Recommendation for supporting spelling differences
With the pronunciation differences,  spellings will be different, requiring the need for different spell checkers and grammar checkers, unique language tags for Armenian-East and Armenian-West will be required in 639-3 to support them.

II.                  Ligatures
The biggest problem with ligatures is one glyph, U+0587 և, which is handled quite differently depending on which form of Armenian you are working with. See the tables below.

Armenian-East


Unicode

Artwork

Lower Case

0587

և

Upper Case

0535 + 057E

Ե + վ

ALL CAPS

0535 + 054E

Ե + Վ


OpenType rules for casing would require that 0587 be changed to 0535+057E for Initial capitals, and 0535+0543 for all capitals or small capitals.. It would also require that 0535+057E for Initial capitals, and 0535+054E for All caps and small caps be changed to 0587 when moving back to lower case.

Armenian-West


Unicode

Artwork

Lower Case

0587

և

Upper Case

0535 + 0582

Ե + ւ

ALL CAPS

0535 + 0542

Ե + Ղ


OpenType rules for casing would require that 0587 be changed to 0535+0582 for Initial capitals, and 0535+0542 for all capitals or small capitals. It would also require that 0535+057E for Initial capitals, and 0535+054E for All caps and small caps be changed to 0587 when moving back to lower case.

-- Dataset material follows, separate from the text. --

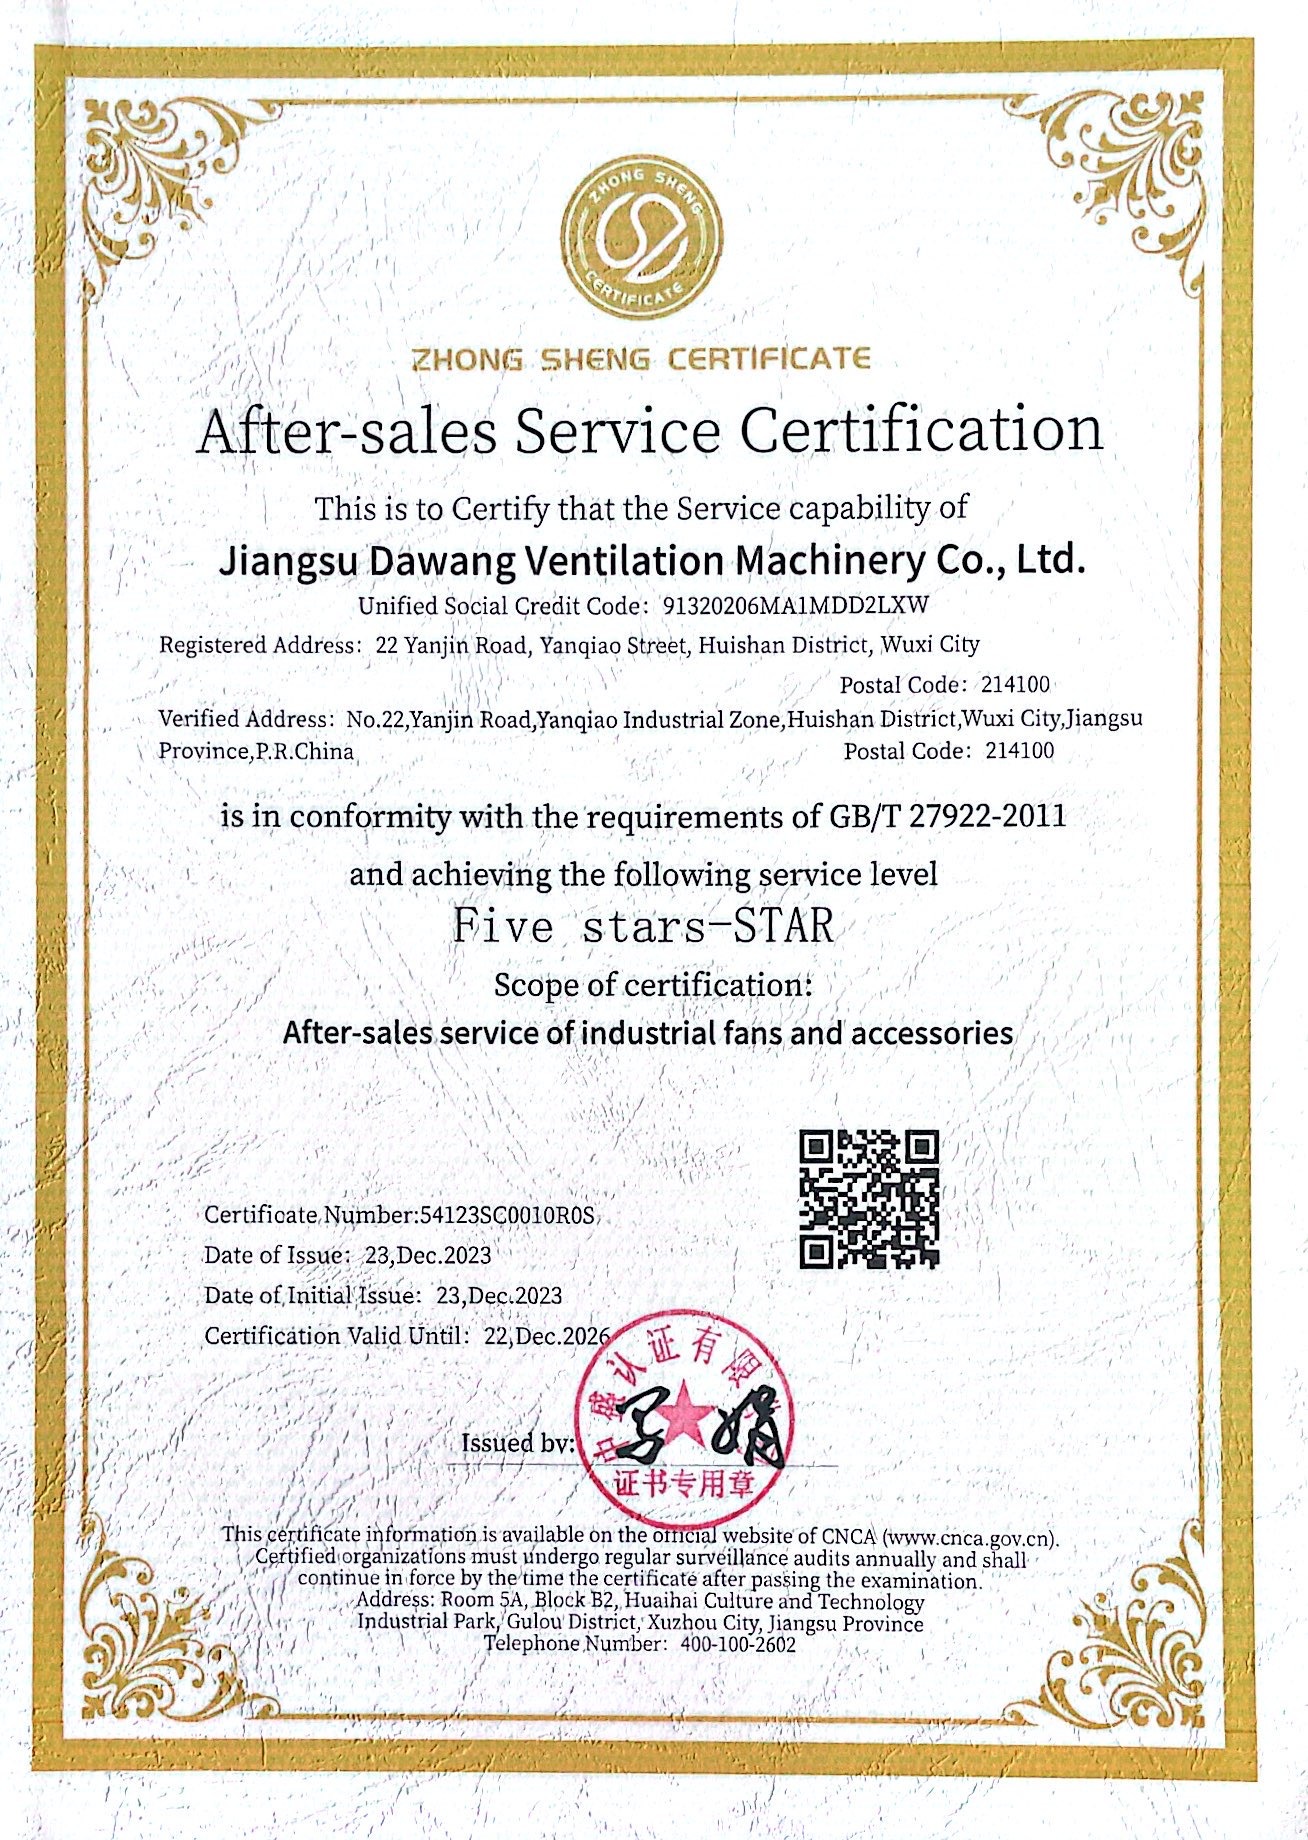 After-sales Service Certification

There are other Armenian ligatures in Unicode (U+FB13..FB17). I have not yet found my documentation on those glyphs to tell me if they are the same or different in East vs. West.

Additional Documentation Problem
The Unicode documentation for U+0587 indicates that it is a ligature of U+0587 and U+0582, which is true for Armenian-West, but not for Armenian-East.

Recommendation for Supporting Ligature Requirements
Where I have two different sets of instructions for the same Unicode value (U+0587), I must have separate language definitions for Armenian-East and Armenian-West to properly handle the casing, etc.